» WHAT IS REQUIRED
A faithful transcript of all the lines below, with no pictures, is the goal here.

» DATASET SECTION
= Beginning of Section =
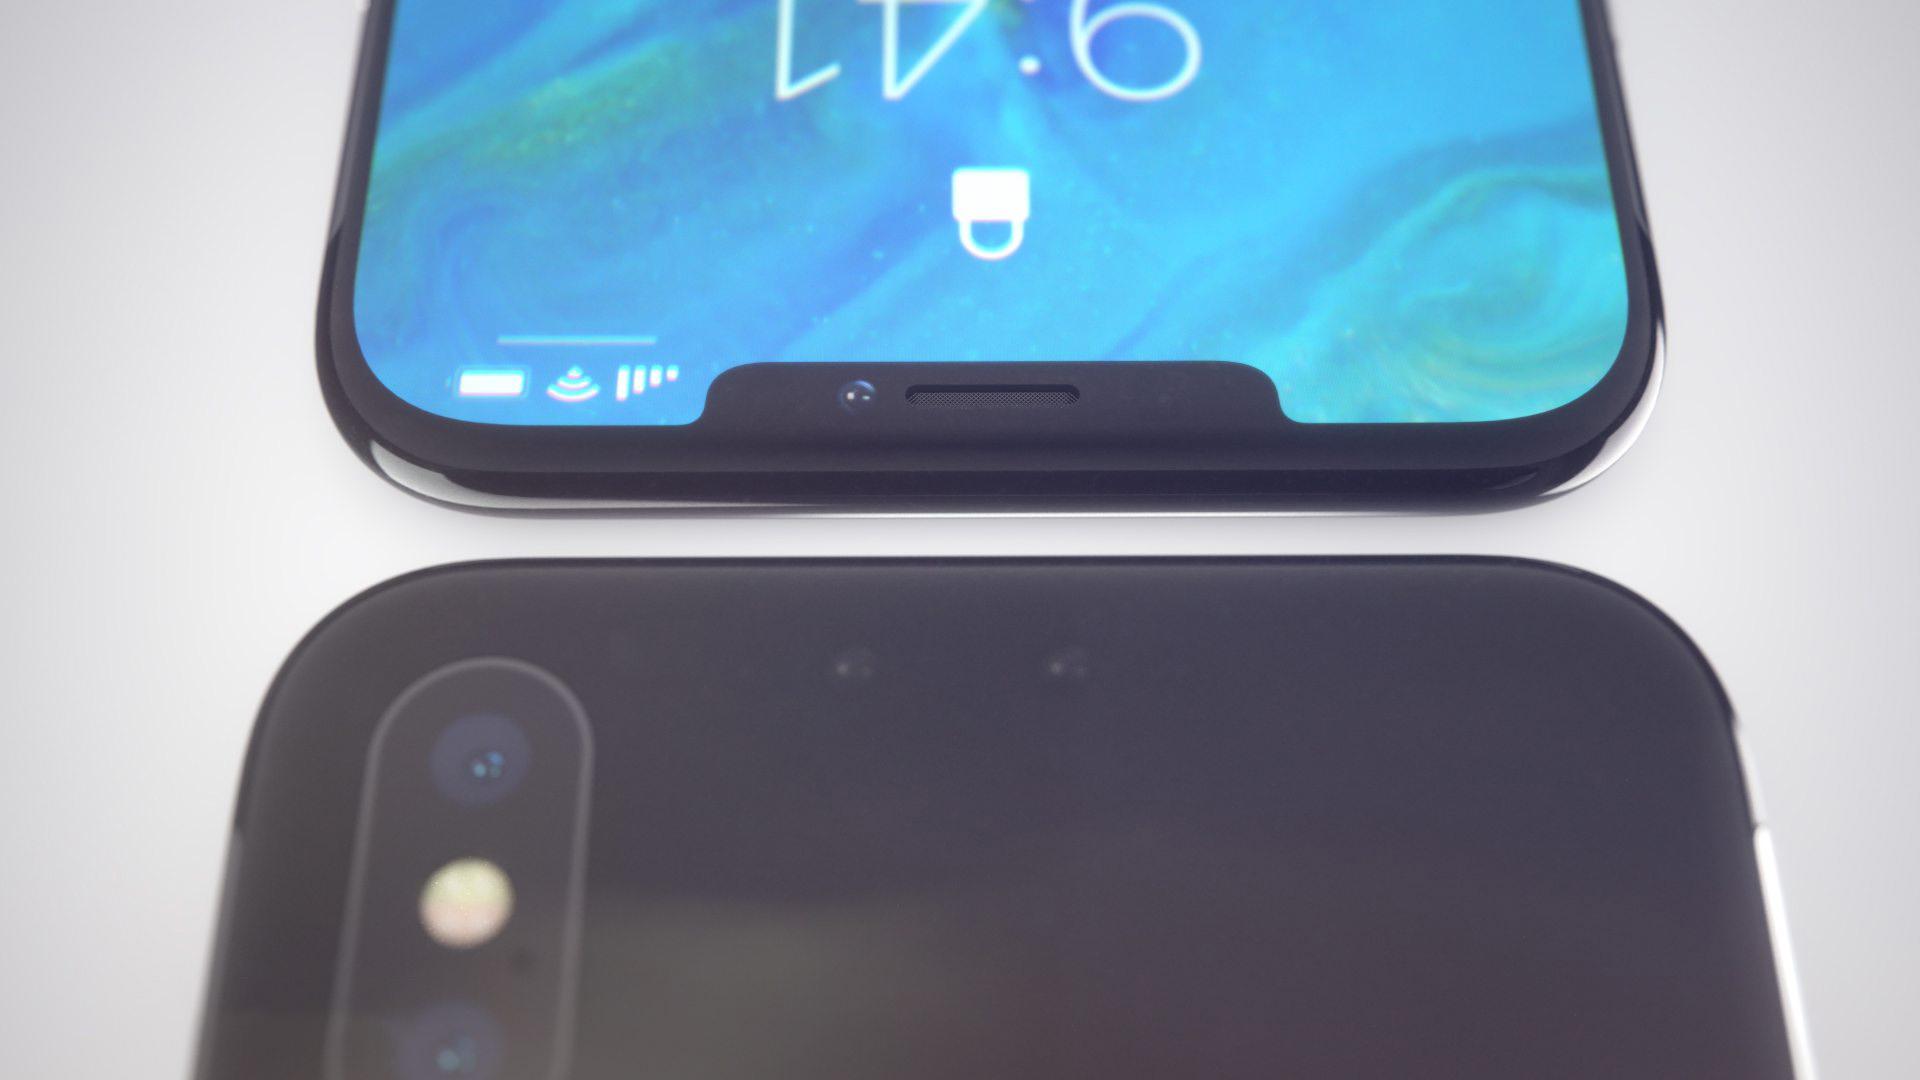 iPhone XS concept dual sim 5
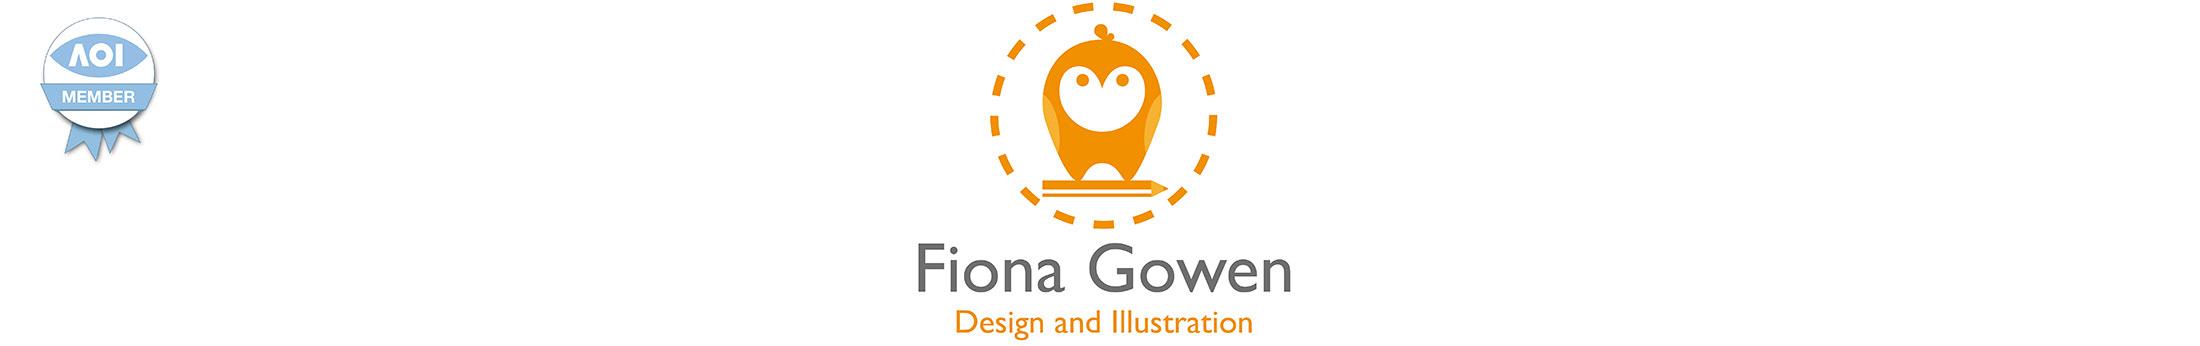 Fiona Gowen
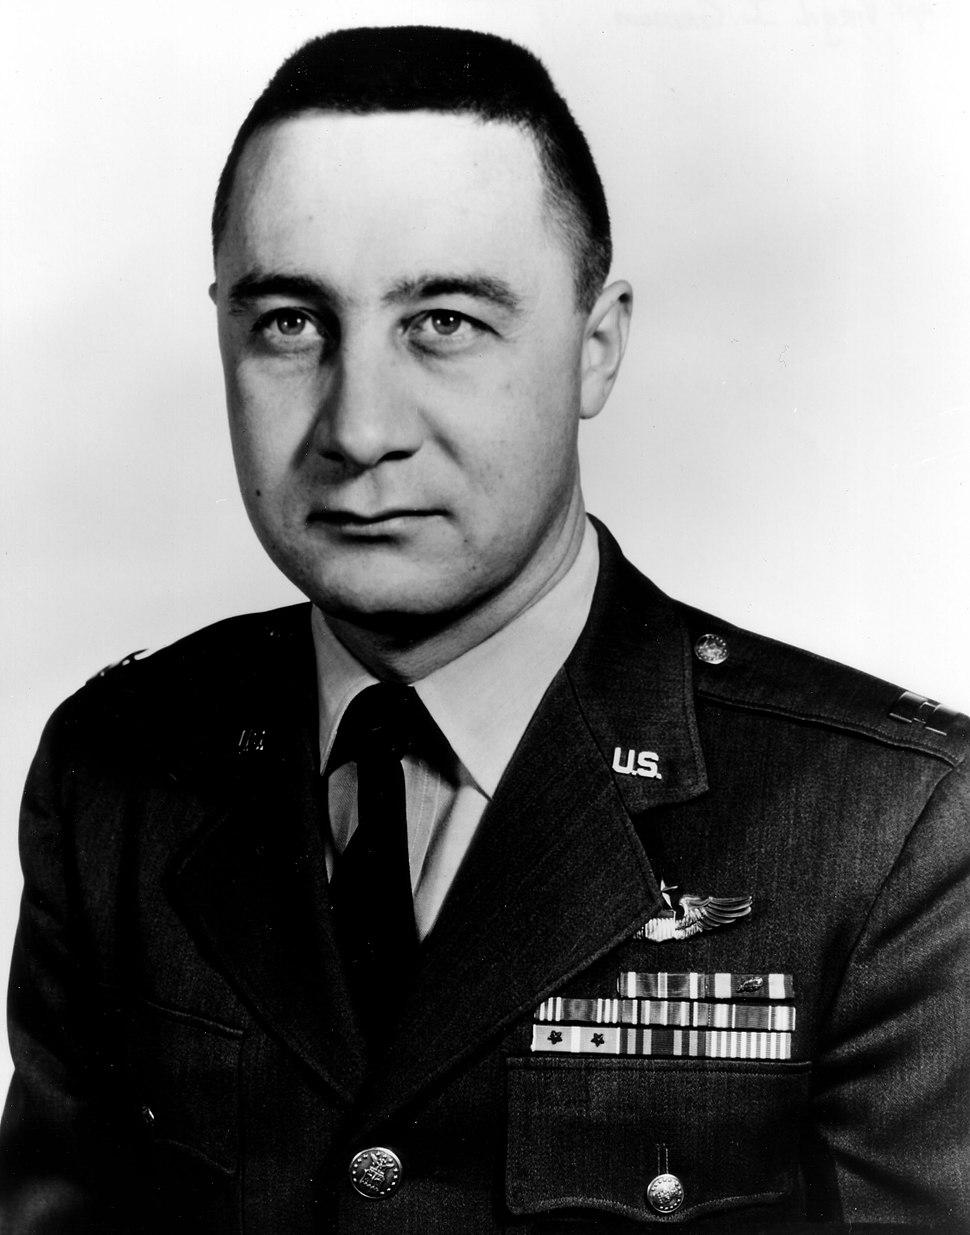 Gus Grissom photo portrait head and shoulders
= End of Section =
» TASK ANSWER
 iPhone XS concept dual sim 5
 Fiona Gowen
 Gus Grissom photo portrait head and shoulders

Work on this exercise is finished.